Thanks I just wanted the tiny ones but I don't want huge fines


----------



## Old Dead River (Jun 4, 2013)

absolutely! I had to inform a boy at a pond near athens about it here while back. use an ultra light and crickets or worms


----------



## aabradley82 (Jun 4, 2013)

Not sure, but I think You're ok in a private pond.Public water is a big no-no. Best person to check with would be the GW.


----------



## Ronbow (Jun 4, 2013)

*And dont have a cast net in the boat or they assume u used it and write the case says Ronbow*


----------



## Dustin Pate (Jun 4, 2013)

A #10 hook and a very small piece of worm will catch you plenty of small ones.


----------



## Nuttin Better (Jun 4, 2013)

Yes


----------



## LEON MANLEY (Jun 4, 2013)

Ronbow said:


> *And dont have a cast net in the boat or they assume u used it and write the case says Ronbow*



Now that's hard to believe.


----------



## jerseycat9 (Jun 4, 2013)

Yes it's illegal and the fine is $250 from what I remember. 

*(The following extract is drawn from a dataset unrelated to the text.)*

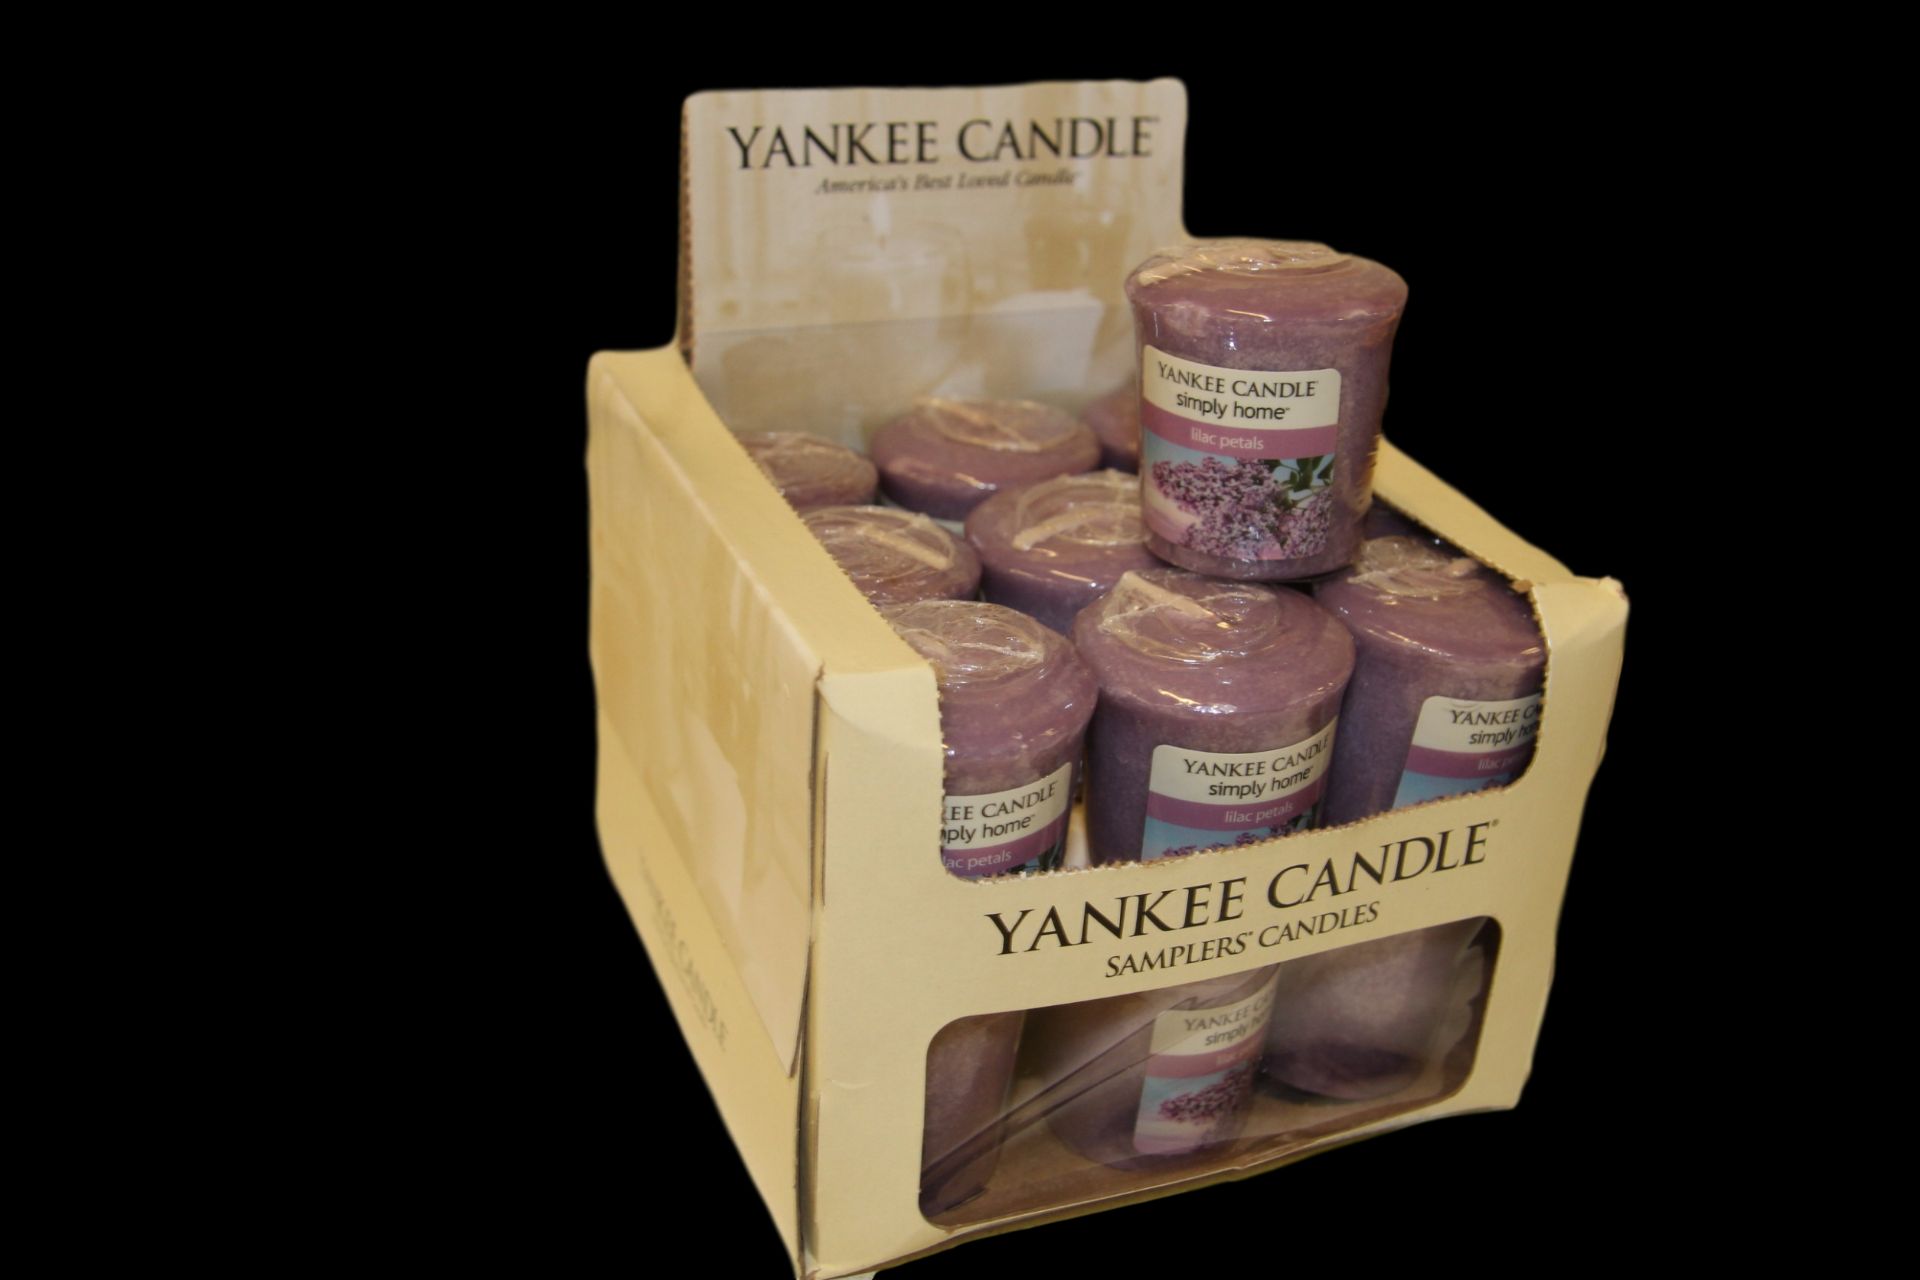 V *TRADE QTY* Brand New 18 x Yankee Candle Votive Lilac Petals 49g X 36 YOUR BID PRICE TO BE

On a Memorial Day weekend once upon a time I caught one in the cast net while looking for herring. My niece who at the time was only 5 wanted to keep it in a bucket to take care of lol. About 15 minutes later DnR pulls up on us in their boat and we are on the bank. We were at the mouth of a bay with a real busy marina and bar. Well he asks me how I caught the bream I told him truthfully he said that it was illegal I apologized because i really didnt know and let the little guy go happy to be on his way. Well he nailed me with a ticket and then was tossing around the idea of confiscating my cast net. 

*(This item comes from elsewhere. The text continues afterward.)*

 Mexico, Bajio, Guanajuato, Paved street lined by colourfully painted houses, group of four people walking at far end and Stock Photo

Ok I broke the law I accept that. What bothered me was all the boats I seen going by doing the red solo cup shuffle, one boats driver didn't even notice the DnR and was stealing his boat facing the wrong way with his hands behind his back of course with beer in hand. On the way back we passed a group of immigrants fishing with soda cans and line not 100 yards from where we were. But nope I was at the top of the list of suspects that needed to be investigated lol


----------



## Lawnmowerman (Jun 4, 2013)

so, what's wrong with a soda can and line?


----------



## cuda67bnl (Jun 4, 2013)

Lawnmowerman said:


> so, what's wrong with a soda can and line?

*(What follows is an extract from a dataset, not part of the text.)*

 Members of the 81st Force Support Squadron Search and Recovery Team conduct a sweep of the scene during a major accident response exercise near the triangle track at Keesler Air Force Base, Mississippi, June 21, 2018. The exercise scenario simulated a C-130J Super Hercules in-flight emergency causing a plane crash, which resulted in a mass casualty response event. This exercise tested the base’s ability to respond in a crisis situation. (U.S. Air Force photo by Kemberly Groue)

I saw some guys wearing em out last year this way..... Almost had me rethinking my $20 pole......


----------



## The Longhunter (Jun 4, 2013)

LEON MANLEY said:


> Now that's hard to believe.



Can happen on designated trout waters and in saltwater.


----------



## little rascal (Jun 4, 2013)

*Is it,*

Illegal to: 
Catch bream legally in a private pond with net and bring them for bait to another lake? 

Catch bream with hook and line and bring them to another lake?

Can u catch shad in one lake with a net and take to another body of water for bait?



If you can't use legal bait that wasn't caught in the same body of water you are fishing, then store bought bait would be illegal also???


----------



## EClass (Jun 4, 2013)

Dustin Pate said:


> A #10 hook and a very small piece of worm will catch you plenty of small ones.



^^^^^^^^^^^^^^^^^^ This is what we use to catch them when we us them for bait. Usually do not ever have a problem and end up releasing the ones we don't use.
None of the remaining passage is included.